Le marché du travail produit de la précarité (88 % des nouveaux contrats sont de court terme), mais l'État n'a pas adapté les règles à cette réalité.

Pour aider les gens, il peut faire - et ce serait un changement de paradigme fort - le choix de la confiance. Simplifions le cadre, permettons le cumul allocations-revenus (salaires ou prestations) et lissons le système sur une année ou deux. Une règle simple, claire incitant au travail et quelques contrôles pour sanctionner régulièrement les inévitables fraudeurs recréera un lien de confiance service public - usagers.

Impacts attendus : une fluidification du marché du travail permettant à davantage de personnes de rester sur celui-ci malgré la précarité des contrats ; une augmentation des revenus des plus modestes, simplification de leur quotidien ; une réduction des coûts pour la sphère publique.

Fort de cette nouvelle ligne de conduite - faciliter la vie des gens, faire confiance -, l'appareil public pourra se transformer pour initier de nouvelles politiques.

L'État lâcherait la bride aux initiatives locales.

Depuis longtemps maintenant (le cap des 1 million de demandeurs d'emploi en 1976), nous avons choisi le "traitement social du chômage". Le concept est matérialisé par les multiples mesures "d'accompagnement" des demandeurs d'emploi.

Délégué à Pôle Emploi, aux Missions locales, sous-délégué à une myriade d'acteurs associatifs, cet "accompagnement" est précisément modélisé par les pouvoirs publics. Longitudinale - on voit le demandeur d'emploi une fois tous les quinze jours (au mieux), mais en réalité une fois par mois, voire une fois tous les deux mois -, cette approche consiste à orienter le demandeur d'emploi, d'un acteur à l'autre, pour lui bâtir un parcours d'insertion.

Malgré son insuccès patent, on ne change pas d'approche.

Les causes de l'échec sont multiples - institutions noyées sous la masse de la demande, missions floues, multiplication des dispositifs et moyens saupoudrés (une personne de - de 26 ans accompagnée vaut 450 EUR par an pour une Mission locale, un adulte demandeur d'emploi de longue durée vaudra 800 EUR par an en parcours d'insertion, etc. ).

L'État demeure l'acteur central de ces dispositifs, convaincu que sa présence constitue une garantie.

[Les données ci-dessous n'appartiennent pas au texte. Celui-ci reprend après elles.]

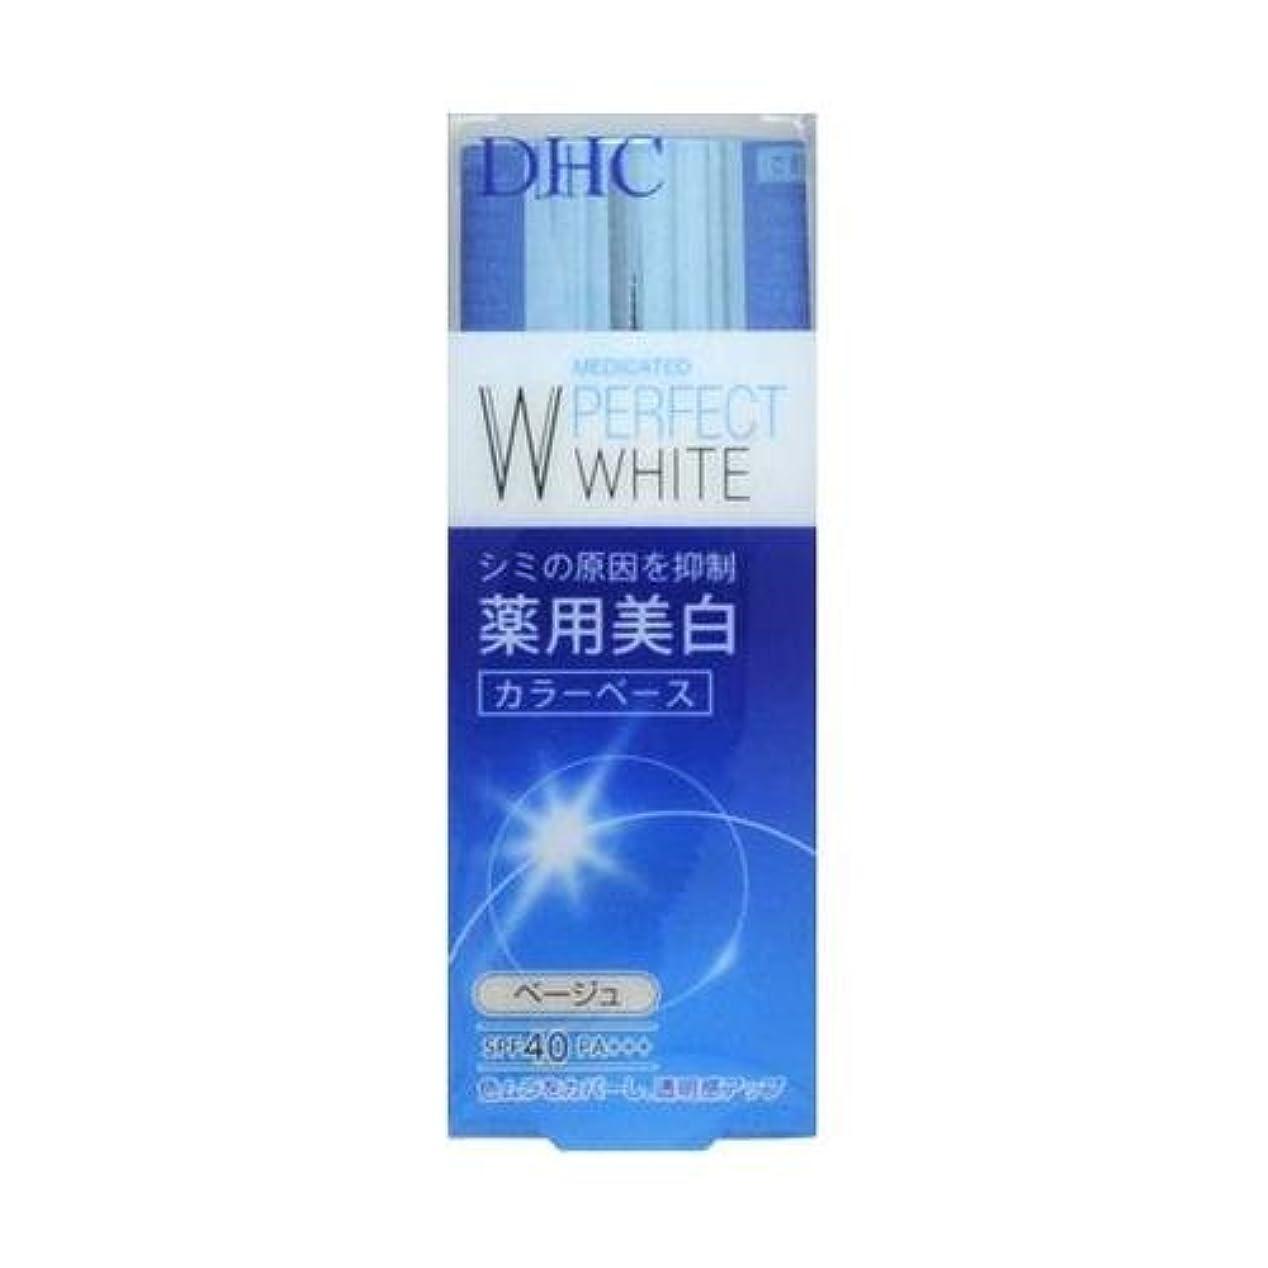 トロリーバス文庫本聖域DHC 薬用パーフェクトホワイト カラーベース アプリコット 30g(医薬部外品)

Toutes les collectivités locales participent, mais les innovations et les expérimentations sont quasi inexistantes.

Choisissons de décentraliser les actions en ce domaine, de s'appuyer sur les initiatives et idées de terrain des acteurs des territoires, et nous verrons que nous n'avons pas "tout essayé contre le chômage."

À l'échelle des villes ou métropoles ou pays, laissons naître et grandir des expérimentations sur deux à trois ans et concentrons l'action de l'État sur la mobilisation des moyens financiers et le contrôle des actions.

Impacts attendus - le changement de paradigme sera porteur d'espoirs et de sens, apportera innovation et dynamisme à un écosystème épuisé par 20 ans de lutte stérile contre le chômage de masse, apportera des réponses adaptées aux tissus économiques locaux et redynamisera les marchés de l'emploi locaux.